Andreas Huhmer, global marketing director for mass spectrometry solutions at Thermo Fisher Scientific, which is supporting the ProteomeTools project, suggested the resource could be particularly useful for functional proteomics studies where researchers are trying to observe proteins of interest in particular tissues or cells.

"The obvious thing to do is to actually generate synthetic standards and generate them on a large scale so you have them not only [to make identifications] but so that you could actually use it to develop tools, either targeted assays or as spectral libraries for validation and confirmation," he said.

"Now that you actually have synthesized the peptides, you know exactly what its retention time is on a column, you know exactly what its spectrum looks like in an Orbitrap with different fragmentation energies, you essentially have an address and a relative retention time for every protein in the proteome," added Huhmer, who was a co-author on the Nature Methods paper. "This particular resource will drive proteomics in a very targeted direction and gives us a tool for a lot of functional studies.

Kuster and his colleagues used a two-tier system to determine what peptides to synthesize as part of the project, first identifying around 150,000 peptides to some 15,000 consistently and repeatedly seen proteins. For the rest of the peptides, they used in silico digestion of the underlying gene sequences to determine the peptides they should synthesize.

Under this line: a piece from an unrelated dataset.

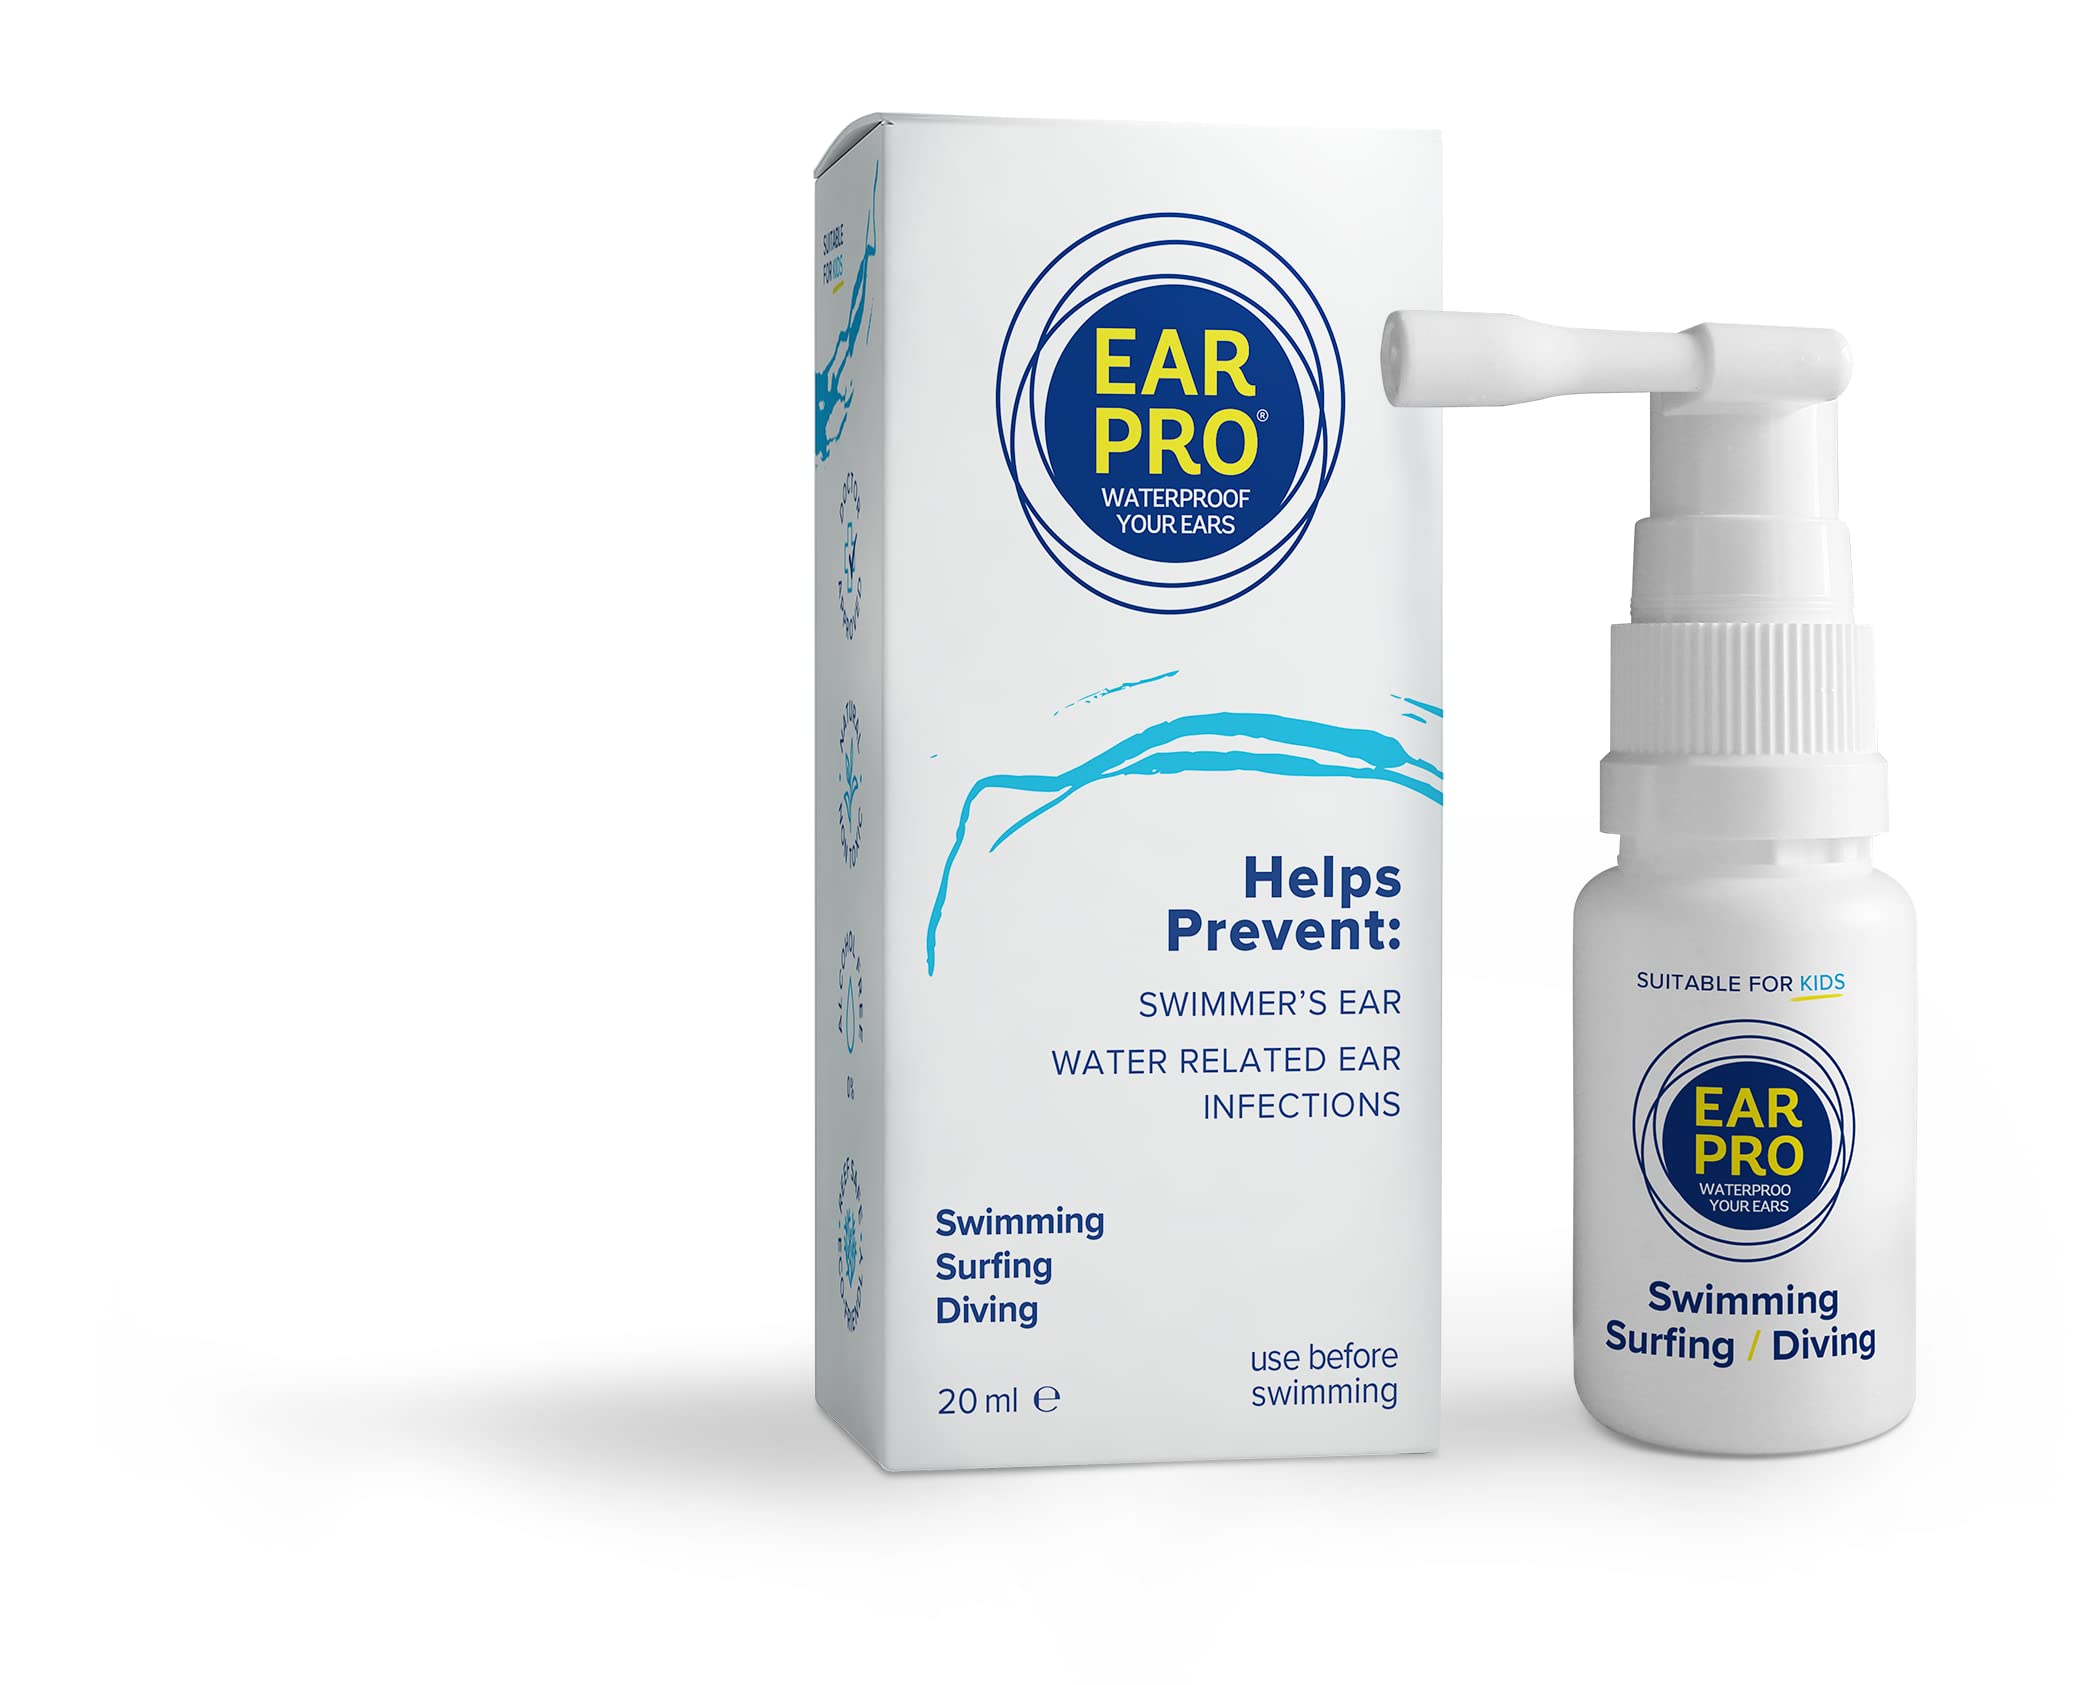 EARPRO - WATERPROOF  Ear Pro All Natural Swimmer Ear Spray for Kids and Adults - Safe and Easy to Use Ear Protection Spray Helps Prevent Trapped Wate

The resulting 330,000 peptides represent all the human gene products in the UniProt database. The ProteomeTools resource contains spectra for each generated on a Thermo Fisher Orbitrap Fusion Lumos using five different fragmentation methods and, in the case of the higher-energy collisional dissociation, using six different collision energies.

The project aims to ultimately generate around 1.4 million synthetic peptides including for various post-translational modifications and genetic variants as well as non-tryptic peptides, Kuster said. He suggested that these additional proteins, particularly the genetic variants, could prove useful for the growing proteogenomics field, which in many cases uses proteomic data to complement and enhance genomic analyses. 

"The proteogenomic community often faces the problem of detecting genomic variants at the protein level," he said. "It's actually very hard to do, but if we had synthetic reference spectra for them, then it becomes much easier to validate or invalidate such variants."

The resource could also be useful for nailing down the status of so-called "missing" peptides, molecules predicted by the genetic code but for which no experimental evidence exists.

For instance, one question regarding such molecules is whether they have gone undetected because they are not actually produced at the protein level or because they have physical characteristics that make them difficult to detect via mass spec.

"If we make synthetic peptides that we never see experimentally and we are able to see them, then it suggests that they are not produced [endogenously] in the first place," Kuster said.

If, on the other hand, they are unable to see the synthetic peptides using mass spec, it leaves open the possibility that these peptides are, in fact, being produced endogenously, but that they cannot be detected via mass spec.

Kuster said he expected that generating the full set of 1.4 million synthetic peptides and characterizing their spectra would cost between €3 million and €4 million ($3.2 million to $4.3 million). JPT Peptide Technologies is synthesizing the peptides for the project.

The ProteomeTools effort is funded by several private and public sources, including Thermo Fisher, SAP, and the German government.